Mexico President Claudia Sheinbaum, along with her predecessor, Andrés Manuel López Obrador, political reference of the fourth transformation. Photo: Reproduction

Mexico has achieved the lowest level of poverty of the last four decades, according to official data from the National Institute of Statistics and Geography (INEGI). More than 13.4 million people stopped living in poverty between 2018 and 2024, in a process that authorities and analysts classify as a historical turn.

The feat is presented by the government as a direct result of the so-called fourth transformation, a project started by former President Andrés Manuel López Obrador and deepened by the current president, Claudia Sheinbaum, with the maxim “for the good of all, first the poor.”

In recent speeches, Sheinbaum described the poverty reduction as a “feat” and said it should be a source of national pride.

She stressed that for 40 years, poverty in the country had not consistently diminished and, in some periods, has grown. Between 2006 and 2018, for example, Mexico gained more than 15 million poor, a scenario described by the agent as a “poor factory”.

The contrast, according to the president, is in the new development model, which directs public resources to the most needy sectors and promotes a more balanced redistribution of national wealth.

The drop in poverty was accompanied by a significant reduction in inequality. According to the National Family Income and Expense Survey, in 2012 the richest earned 38 times more than the poorest.

Today, this difference has fallen to 14 times. “That is, wealth was distributed,” Sheinbaum summed up, stressing that this transformation was only possible because the state resumed responsibilities that had been relegated to the private sector in the years of neoliberalism.

The historical increase in the minimum wage is pointed out as the first reason for change.

The salary floor has doubled in value in six years, without causing inflation, and the Government’s goal is that it reaches the equivalent of two baskets and a half of basic goods – currently covers 1.8. In 2025 alone, the salary was readjusted by 12.5%. This policy, according to Sheinbaum, also raised other salaries and reinforced domestic consumption.

Another central axis was the well-being programs, which were no longer focused actions and became recognized as universal rights.

Among the examples are the universal pension to the elderly, which today benefits 13 million people; Scholarships for public high school students; pensions for people with disabilities; Support for small farmers with up to two hectares of land; and the Sembando Vida program, which serves half a million rural workers.

Added, the programs reach more than 30 million Mexican families.

“Pension is a right of the people of Mexico,” said the president to reaffirm that the fight against poverty is also the formal recognition of rights.

Public investment in major works was another pillar of strategy. Projects such as Tren Maya, Tehuantepec’s intercetus corridor and the mouth refinery, as well as expand national infrastructure, attracted foreign capital and boosted formal employment.

Sheinbaum pointed out that the end of the outsourcing model known as outsourcing It also contributed to generating more stable jobs.

Health appeared as a symbolic dimension of this change. At events in the state of Mexico and Jalisco, the president inaugurated and reopened hospital units that had been abandoned or destroyed, such as the 93 Family Medicine Unit in Ecatepec and the Tlajomulco Regional Hospital.

“Health, access to health is a right of the people of Mexico established in the Constitution, and the state should provide this access in the best way. IMS is national heritage,” said Sheinbaum, along with local authorities and the Institute’s director, Zoé Robledo.
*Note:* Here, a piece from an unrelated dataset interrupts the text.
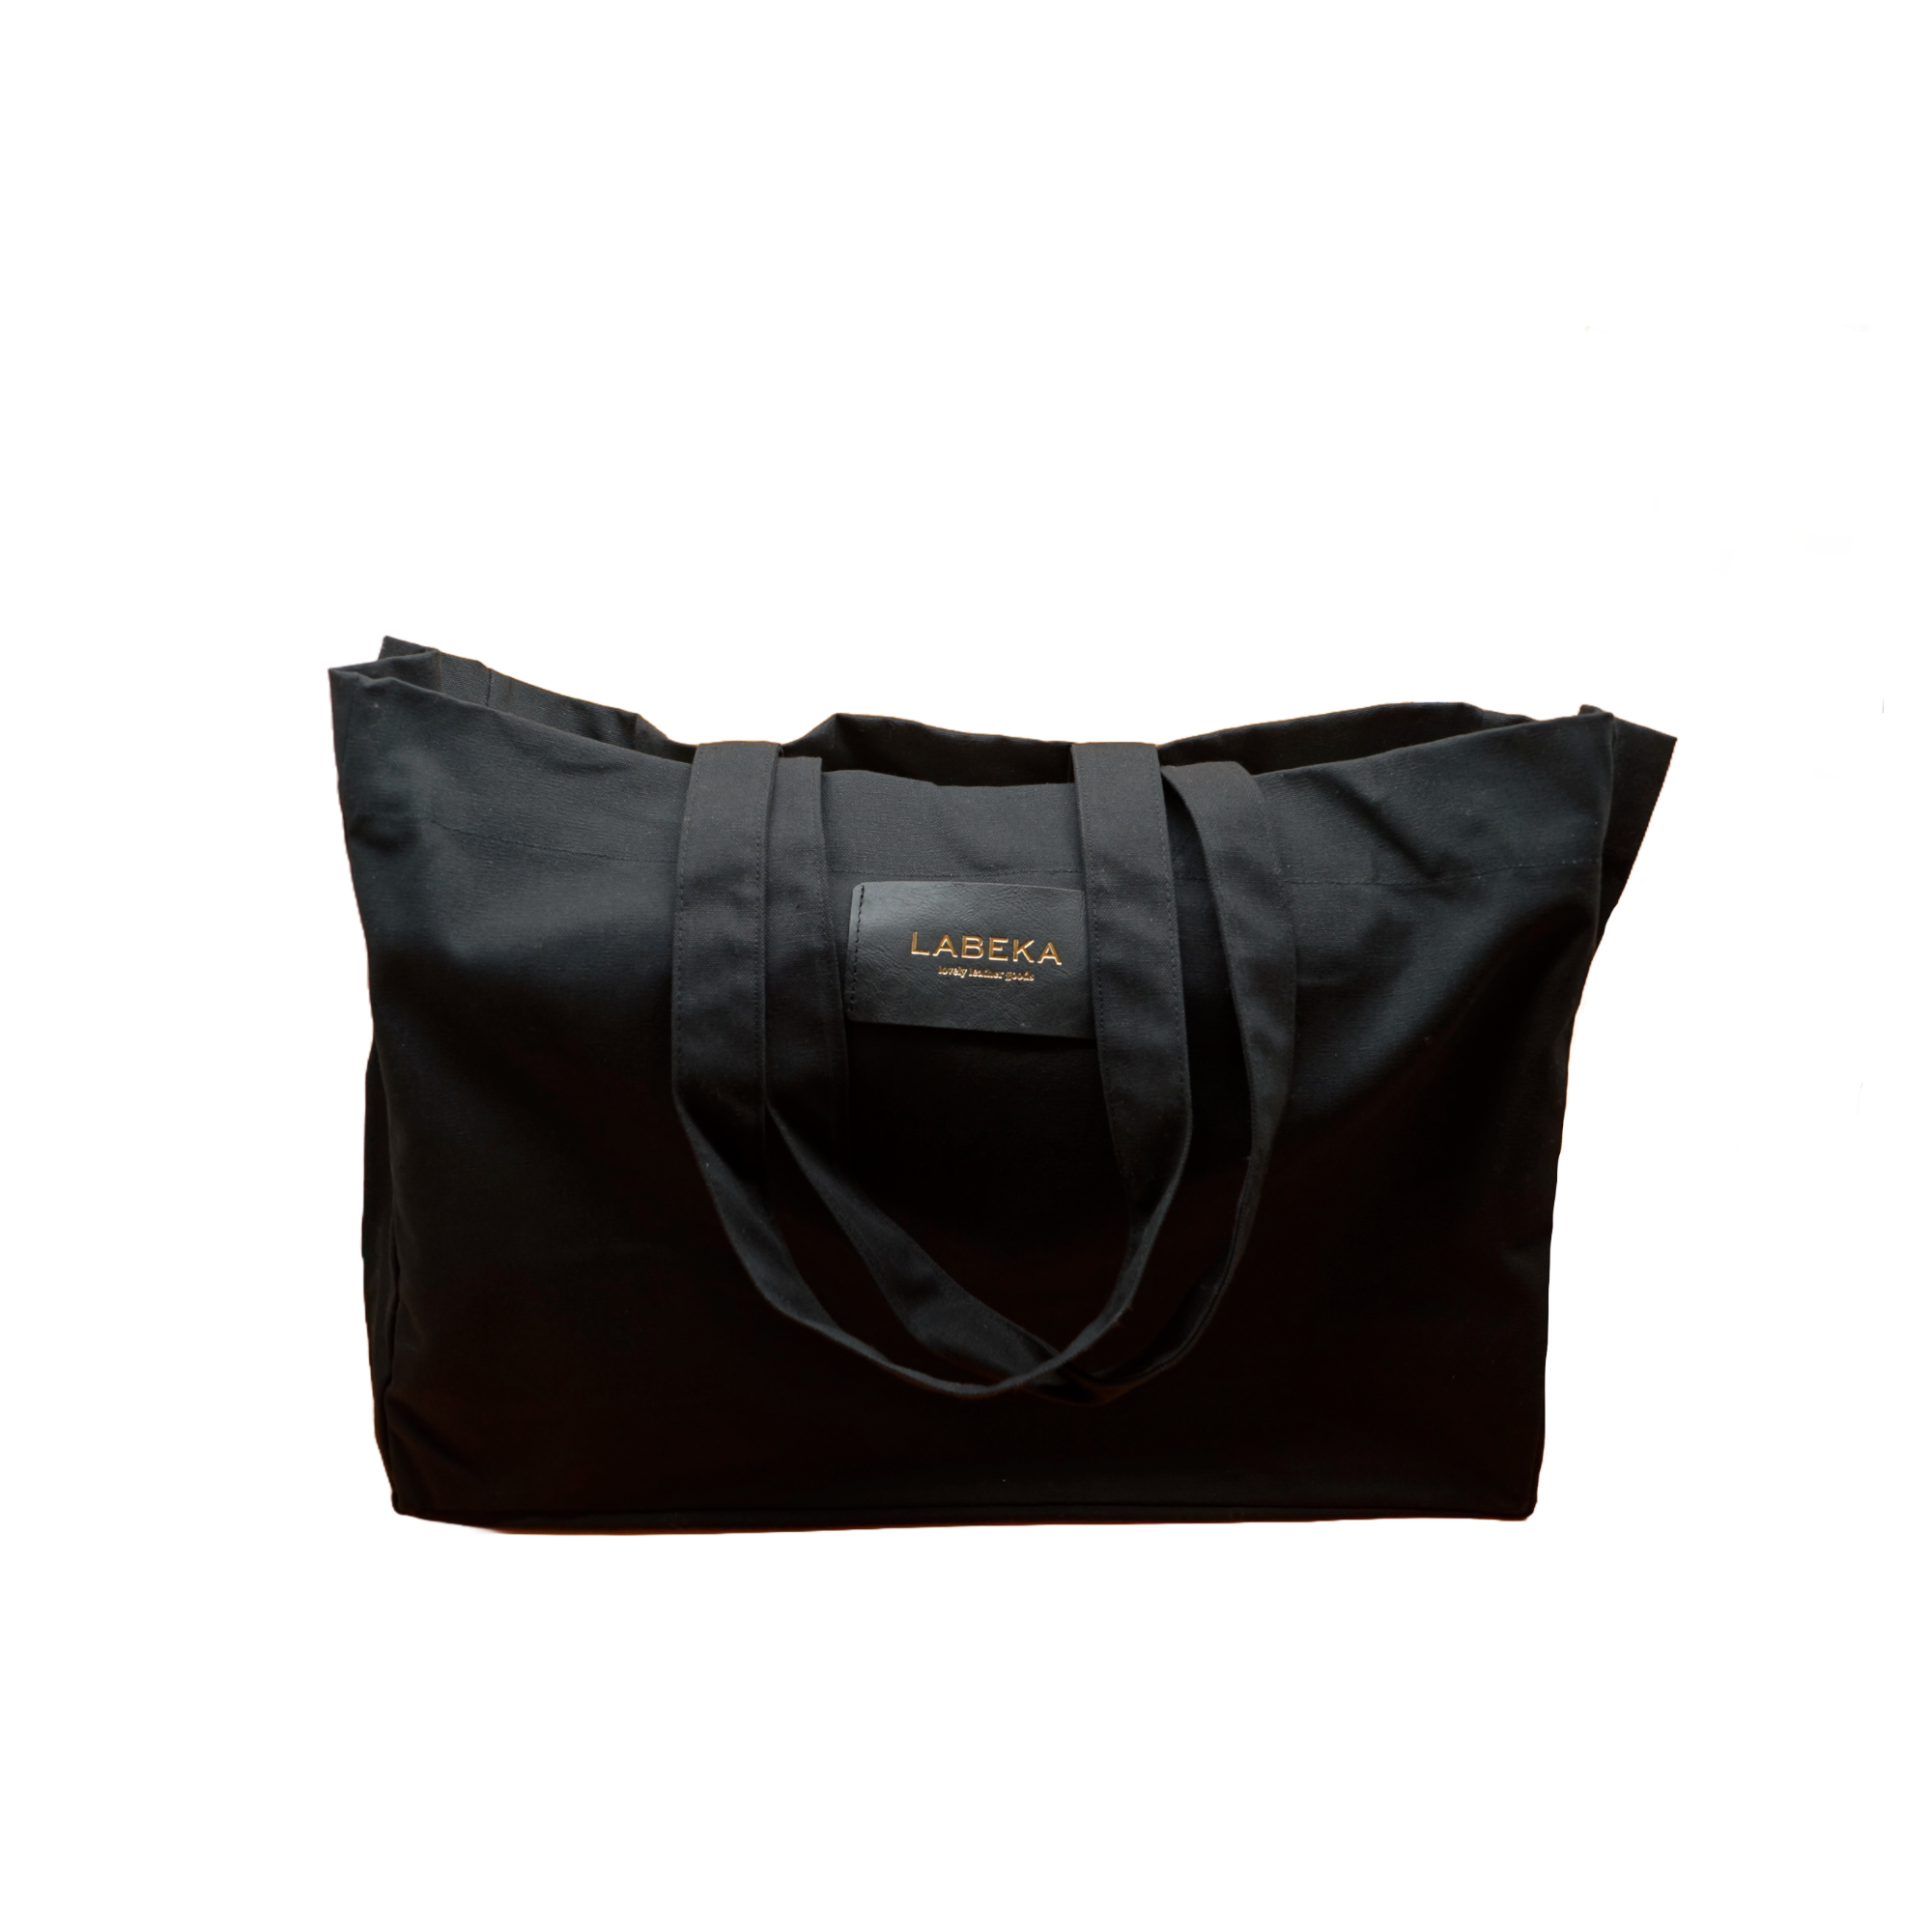 Schwarze Shopping Bag aus Baumwolle von LABEKA
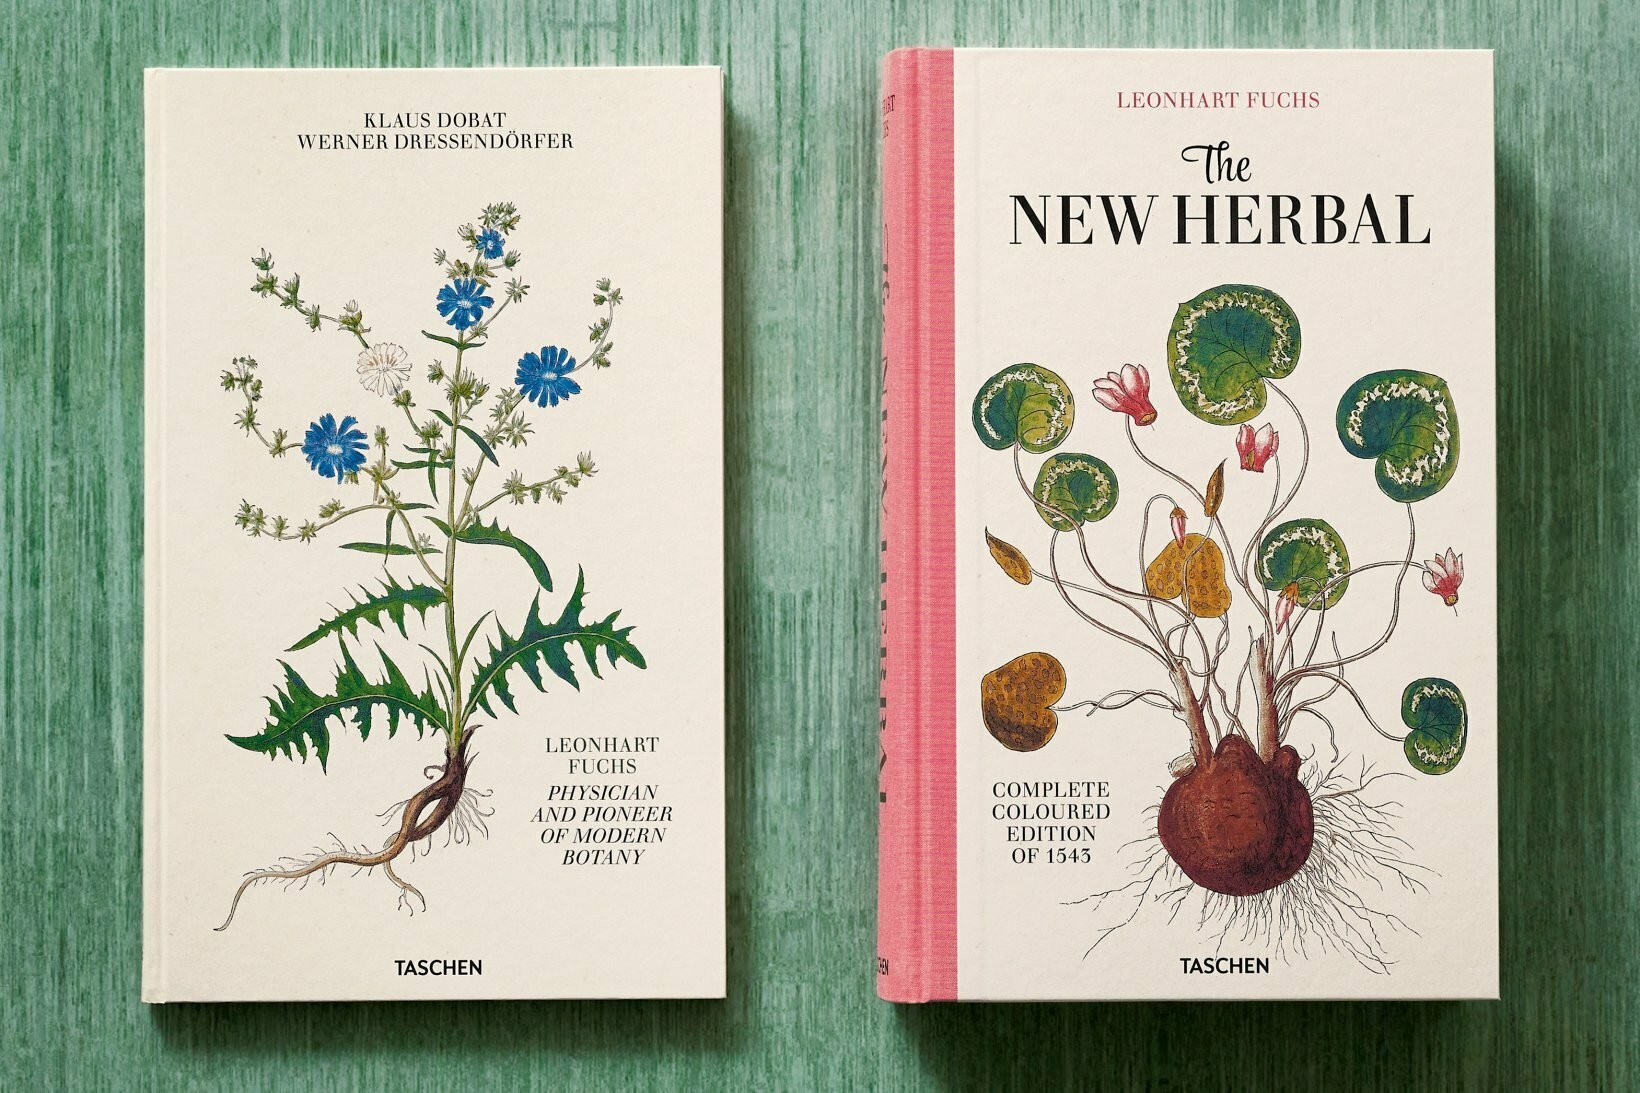 Taschen ha ripubblicato il “New Kreüterbuch” (Nuovo libro sulle erbe),  capolavoro di botanica del '500 - Frizzifrizzi

The president also took advantage of these occasions to announce new measures: the expansion of the universal pension to women aged 60 to 62 years, the construction of an Ecatepec Child Education and Care Center and the goal of raising the minimum wage gradually until reaching 2.5 basic baskets.

The mark of four decades without a consistent reduction of poverty sets the tone of how the government seeks to present the results of the fourth transformation. The expression is used in Mexico to designate the political project started by Andrés Manuel López Obrador in 2018 and continued by Claudia Sheinbaum.

Inspired by three foundational moments of national history – independence, reform and the Mexican Revolution – the term refers to a “fourth major change”, focused on breaking neoliberalism, strengthening the role of the state, expanding social rights and placing the poorest in the center of public policy.

For Sheinbaum, contrast to neoliberalism is evident. “This model stated that it was much better than everything was private and that the public sector practically disappeared, that the government was no capacity to offer services for the benefit of the population. It just no longer advanced because it was not allowed,” he said.

On the contrary, its management reinforces the role of the state to guarantee constitutional rights such as health, education and social security.

The feat is treated as historical achievement, but also as an open process.

While the government celebrates the hallmark of 13 million people who have come out of poverty, it reinforces that the continuity of social policies and public investments will be decisive so that advances are not interrupted.

Mexico, after four decades of stagnation, shows that it is possible to reverse trends of misery and inequality, provided that the center of economic policy is, in fact, in those in need.